We consider the deviation inequalities for the sums of independent d by d random matrices, as well as rank one random tensors. Our focus is on the non-isotropic case and the bounds that do not depend explicitly on the dimension d, but rather on the effective rank. In an elementary and unified manner, we show the following results:

  • A deviation bound for the sums of independent positive semi-definite matrices. This result complements the dimension-free bound of Koltchinskii and Lounici [Bernoulli, 23(1): 110–133, 2017] on the sample covariance matrix in the sub-Gaussian case.

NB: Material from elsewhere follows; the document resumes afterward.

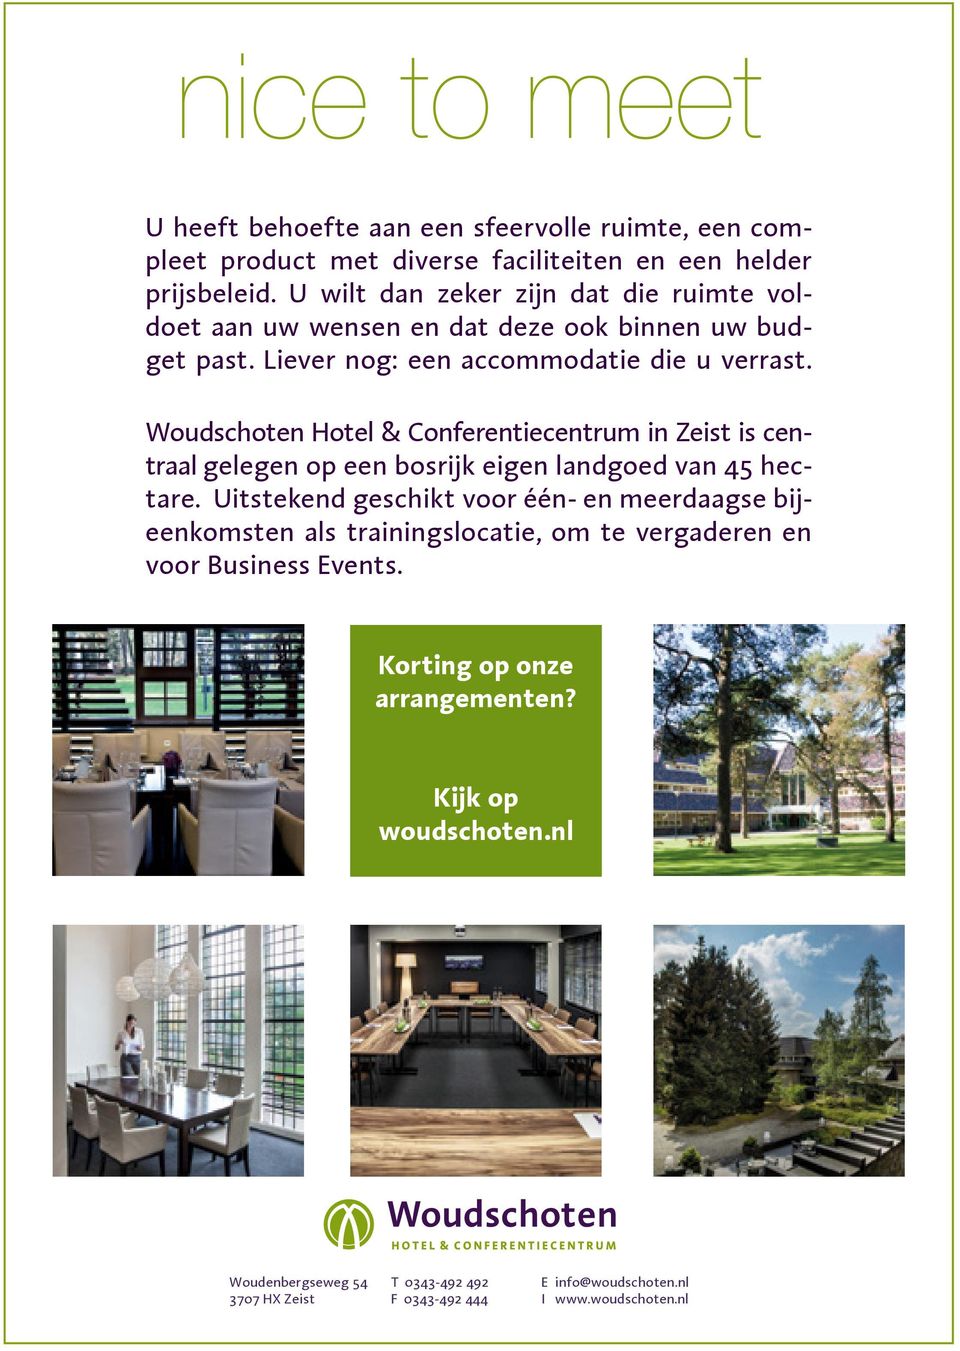 Woudschoten Hotel & Conferentiecentrum in Zeist is centraal gelegen op een bosrijk eigen landgoed van 45 hectare.

  • A new bound for truncated covariance matrices that is used to prove a dimension-free version of the bound of Adamczak, Litvak, Pajor and Tomczak-Jaegermann [Journal of Amer. Math. Soc., 23(2), 535–561, 2010] on the sample covariance matrix in the log-concave case.

  • Dimension-free bounds for the operator norm of the sums of random tensors of rank one formed either by sub-Gaussian or by log-concave random vectors. This complements the result of Guédon and Rudelson [Adv. in Math., 208: 798–823, 2007].

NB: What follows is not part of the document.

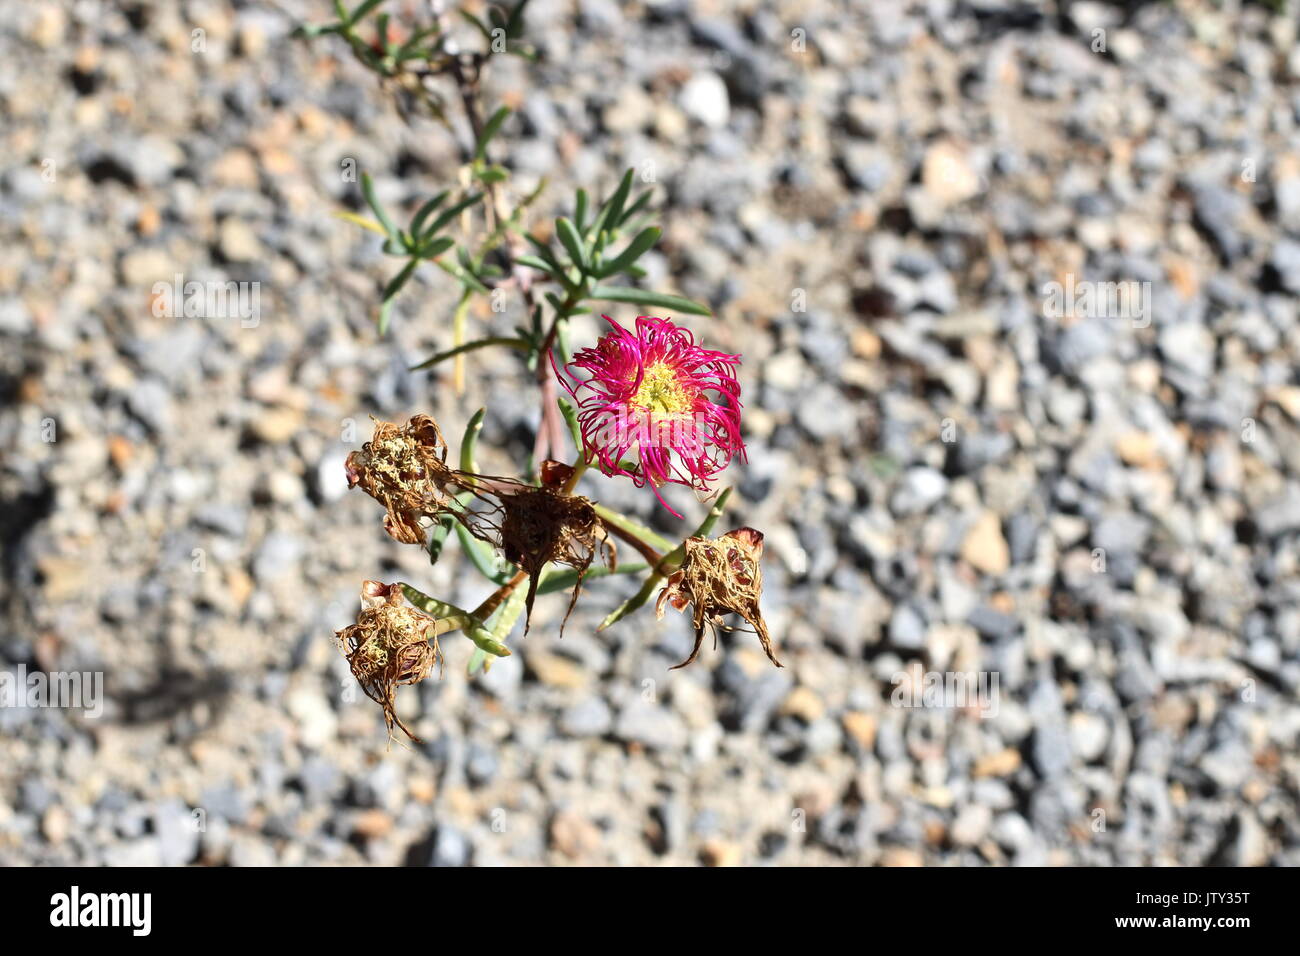 Cochon rose fleurs face ou mesembryanthemum , usine à glace, fleurs marguerites fleurs séchage livingstone Banque D'Images

  • A non-isotropic version of the result of Alesker [Geom. Asp. of Funct. Anal., 77: 1–4, 1995] on the deviation of the norm of sub-exponential random vectors.

  • A dimension-free lower tail bound for sums of positive semi-definite matrices with heavy-tailed entries, sharpening the bound of Oliveira [Prob. Th. and Rel. Fields, 166: 1175–1194, 2016].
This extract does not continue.